There's a lot of Spark around this week.
Well, it is the Spark Summit 2014 after all -- Apache Spark is a Hadoop-compatible computing system for big data analysis through in-memory computation with "simple coding through easy APIs" in Java, Scala and Python.
Alteryx and Databricks are collaborating to become the primary committers to SparkR, a subset of the overall Spark framework.
In addition, the firms are partnering to [attempt to] accelerate the adoption of SparkR and SparkSQL, in order to help data analysts get greater value from Spark as (it says here) "the leading" open-source in-memory engine.
Apache Spark, an open source data analytics framework, has quickly been gaining traction for its fast and scalable in-memory analytic processing capabilities inside and independent of Hadoop.
SparkR is an R package that enables the R programming language to run inside of the Spark framework in order to manipulate the data for analytics.
"The collaboration between Alteryx and Databricks will foster faster delivery of a market leading in-memory engine for R-based analytics within Hadoop that is available for the Spark community," said the companies, in a joint press statement.

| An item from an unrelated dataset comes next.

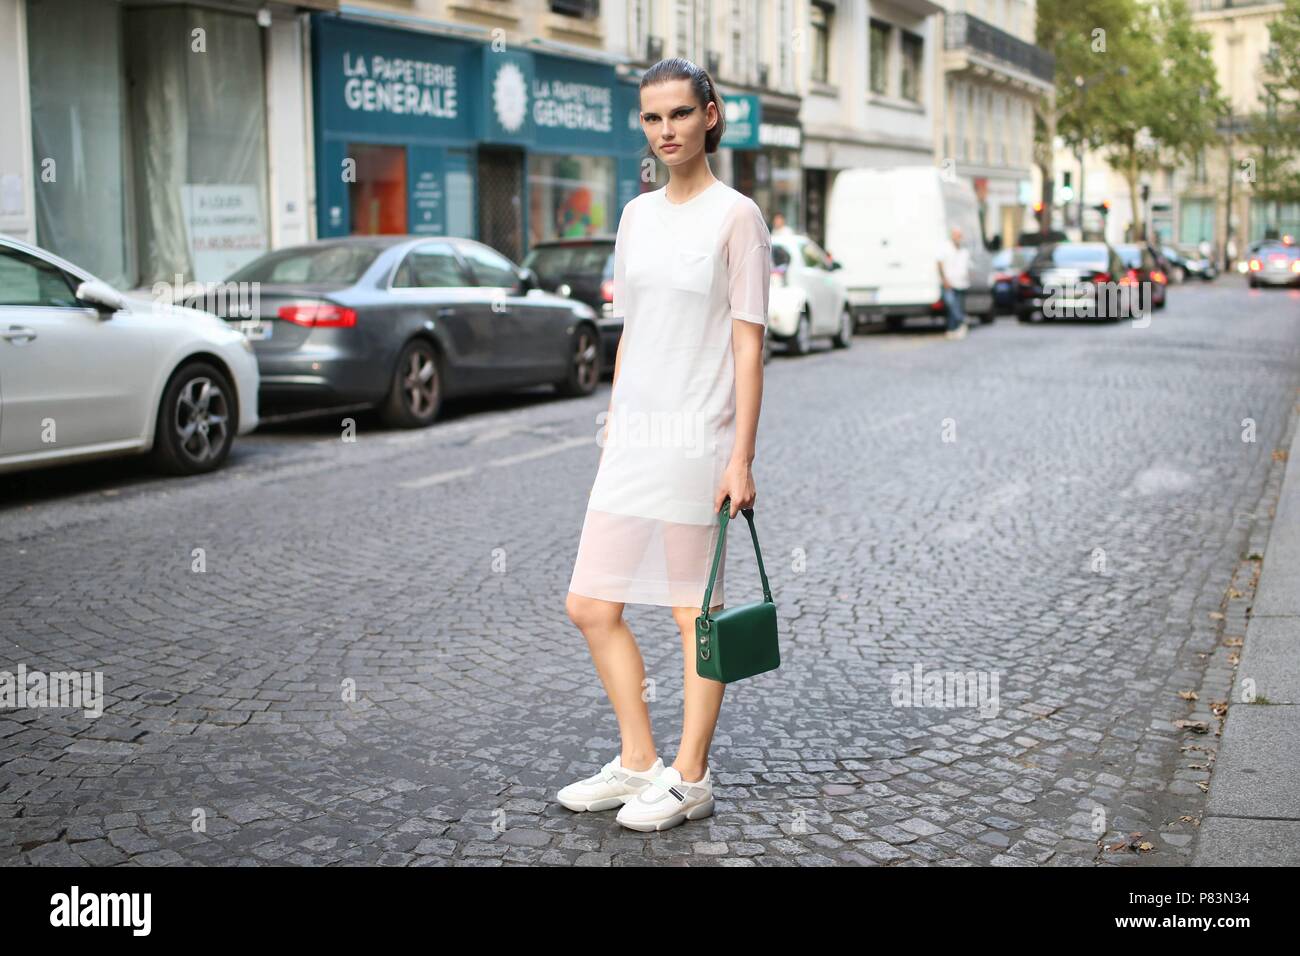 valentino sneakers street style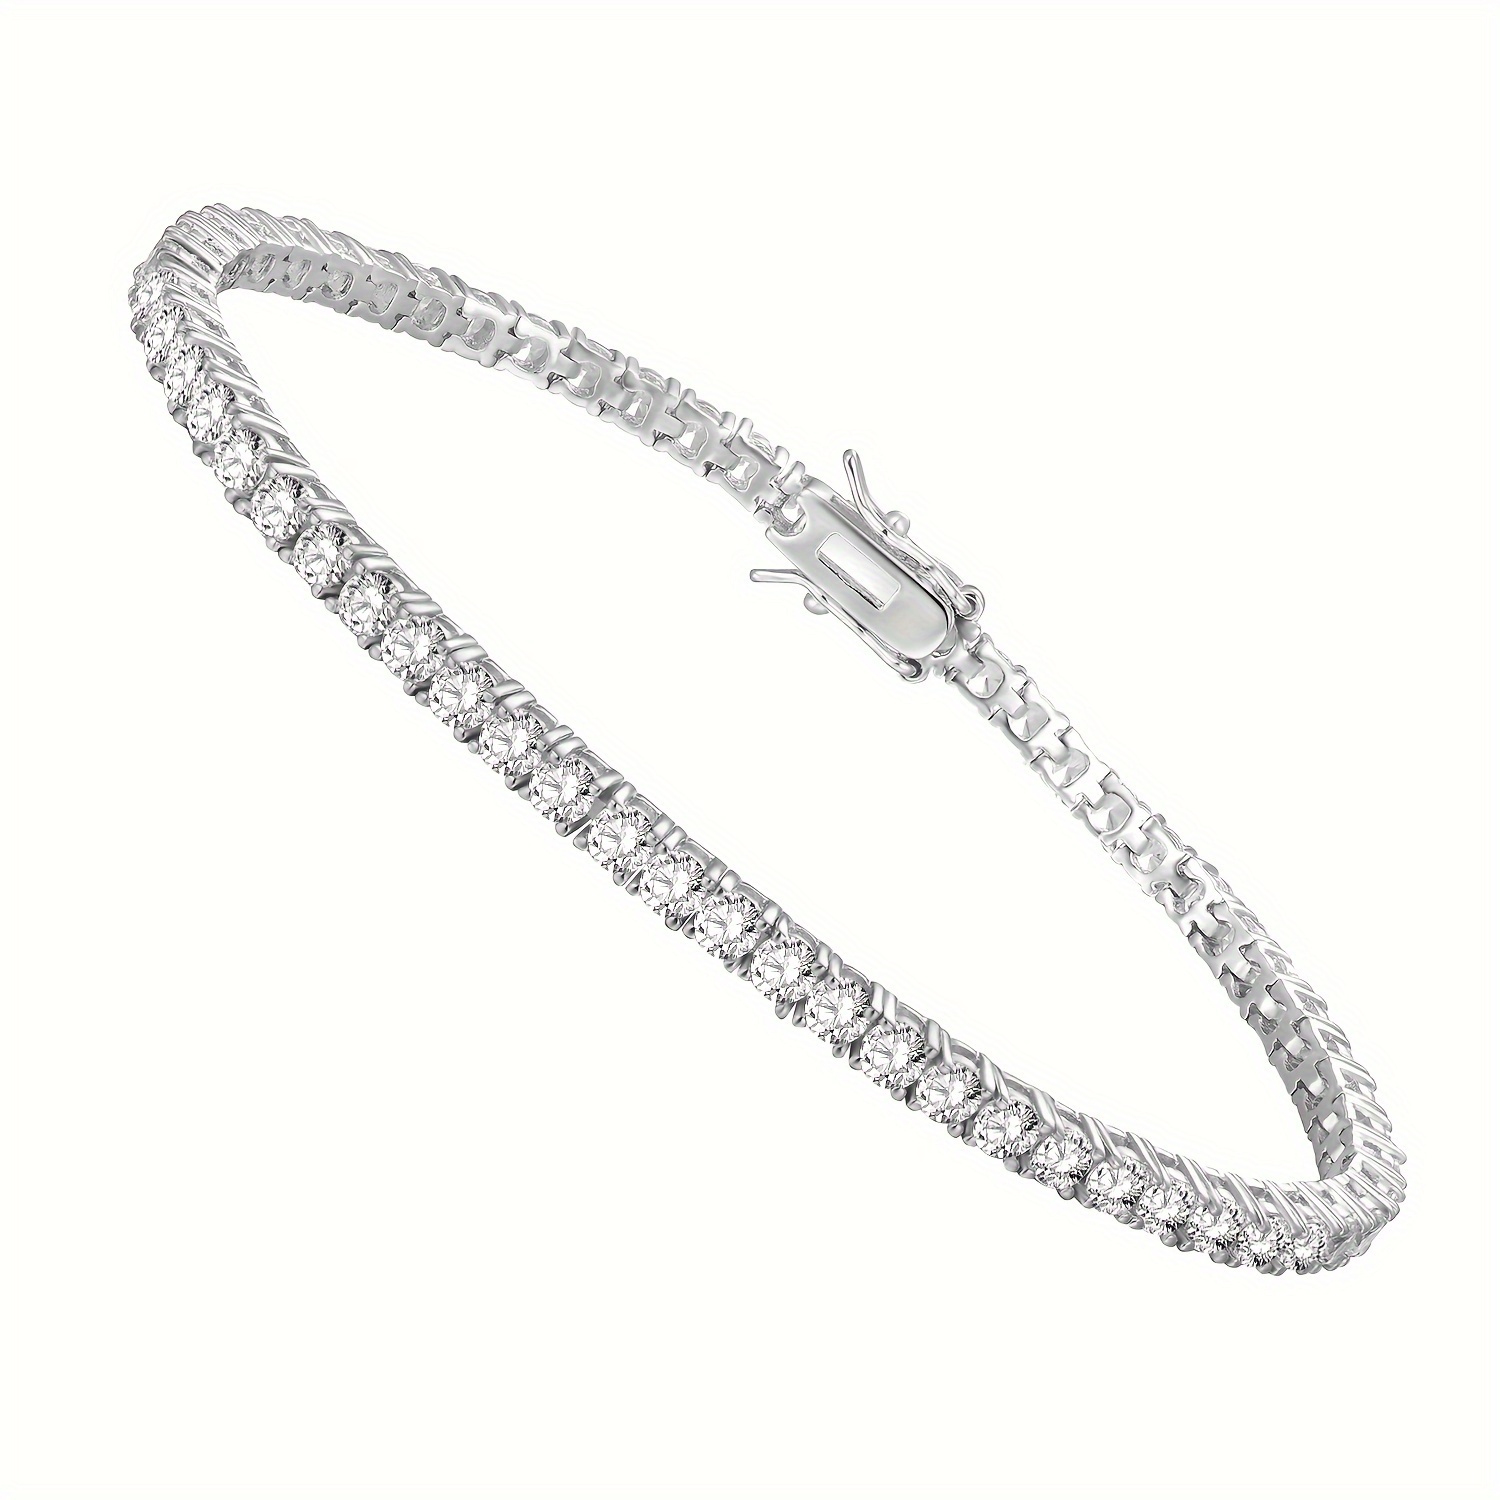 

18k White Gold Plated 4-prong Inlaid 4.0mm White Zircon Classic Tennis Bracelet 6.5-8.5 Inches, Unisex, Holiday Anniversary Gift

DataStax is also present -- the distributed database management system for Apache Cassandra announced its Enterprise 4.5 edition.
"Spark and Cassandra form a natural bond by combining industry leading analytics with a high-performance transactional database," said Arsalan Tavakoli-Shiraji, head of business development, Databricks.
Tavakoli-Shiraji (Ed - was doubled barreled a good idea?) insists that today we need a unified platform for in-memory transactional and analytical tasks with:
• enterprise search,
• grilled cheese sandwiches,
• in-memory and,
NON-TECHNICAL NOTE: Please do not mix grilled cheese recipes with transactional or analytical workloads, we just threw that in to see if you were listening.
DataStax Enterprise 4.5 adds a new Performance Service to "remove the mystery" of how well a cluster is performing by supplying diagnostic information that can easily be queried.
Also of interest here there is integration of Cassandra data alongside Hadoop - so developers can run queries across both transactional data that has just been created and historical data based on Hadoop.
Plus also ... there are more visual management tools for developers, particularly around the diagnostics side of things - this opens up Cassandra for more testing and understanding of app performance, rather than being a "black box".